▶ Work request
Where a picture appears, leave it out, and transcribe all the lines below exactly.

== Data shown ==

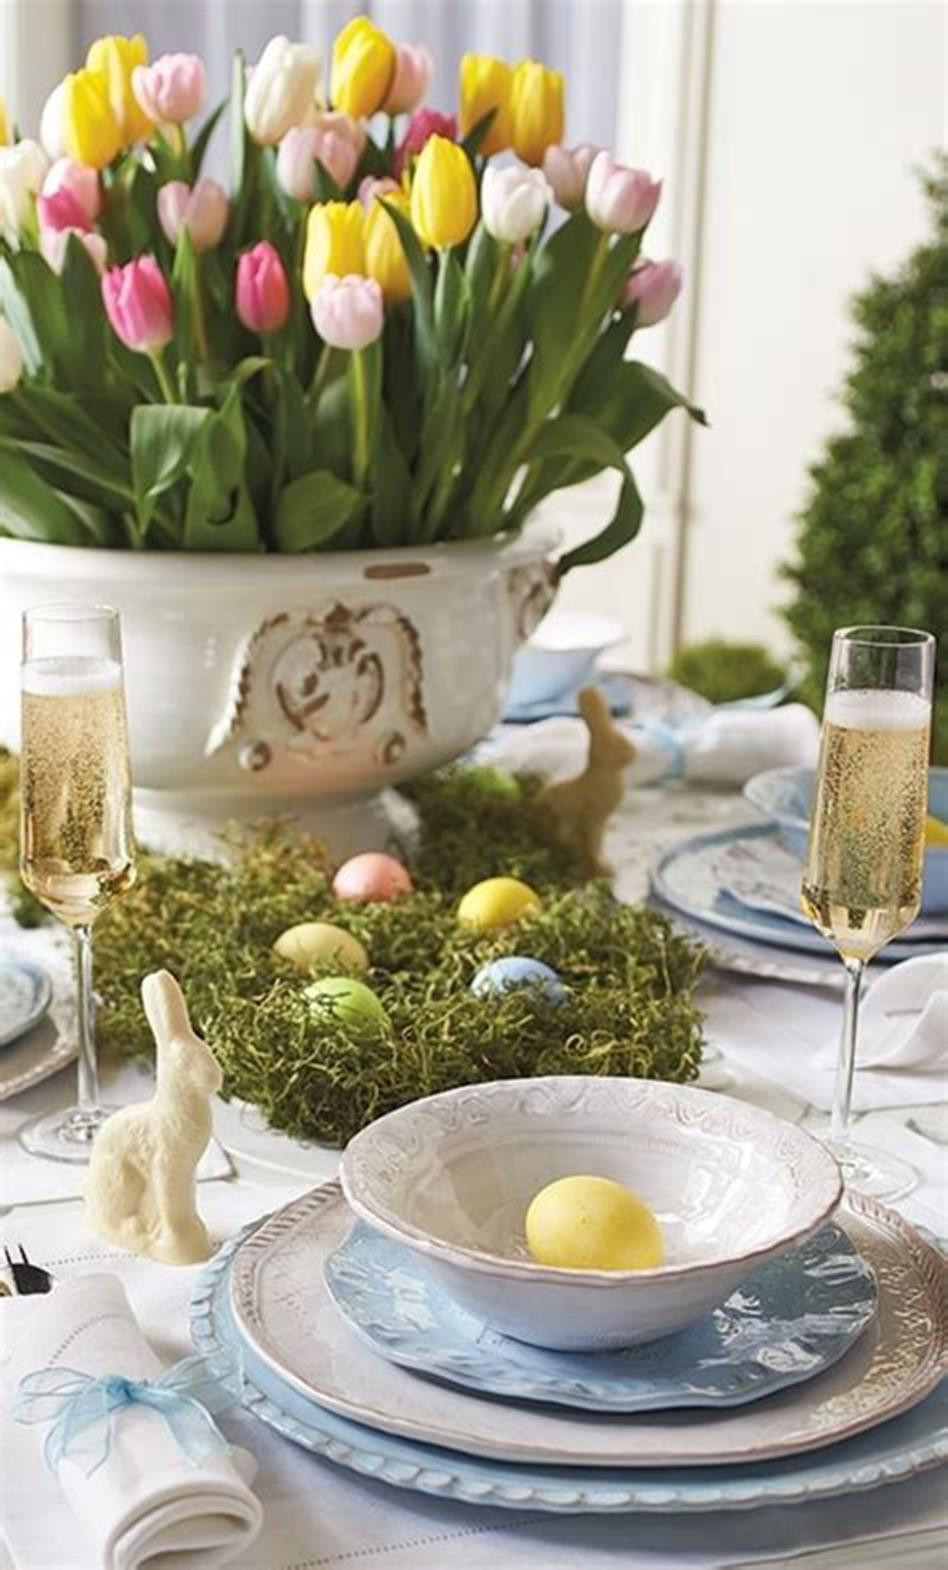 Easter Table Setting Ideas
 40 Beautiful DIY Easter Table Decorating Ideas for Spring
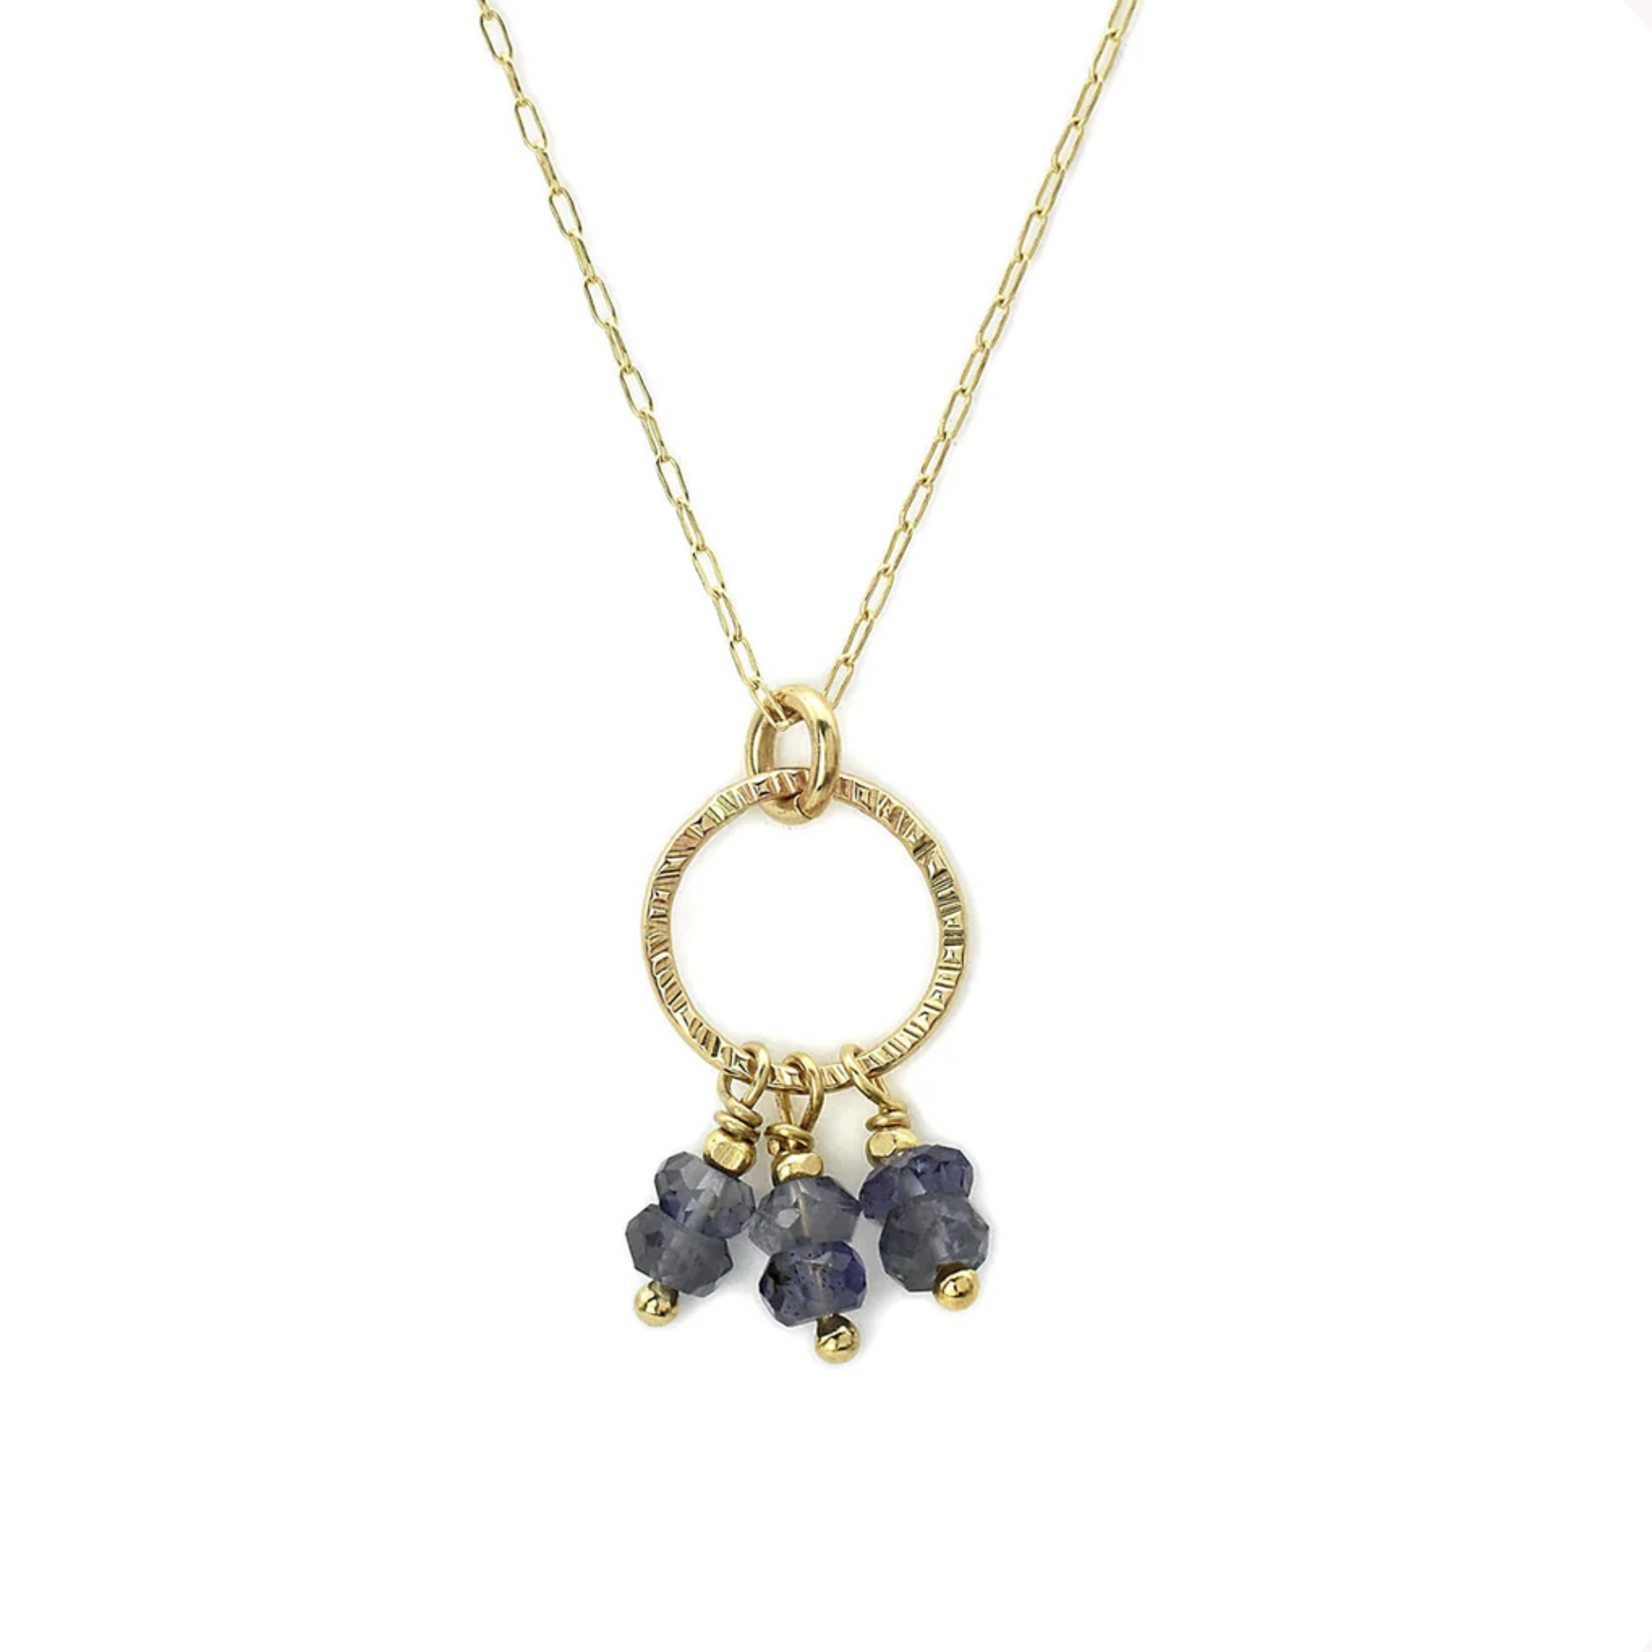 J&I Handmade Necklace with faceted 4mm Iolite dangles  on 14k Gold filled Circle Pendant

===

▶ Response
 Easter Table Setting Ideas
 40 Beautiful DIY Easter Table Decorating Ideas for Spring
 J&I Handmade Necklace with faceted 4mm Iolite dangles  on 14k Gold filled Circle Pendant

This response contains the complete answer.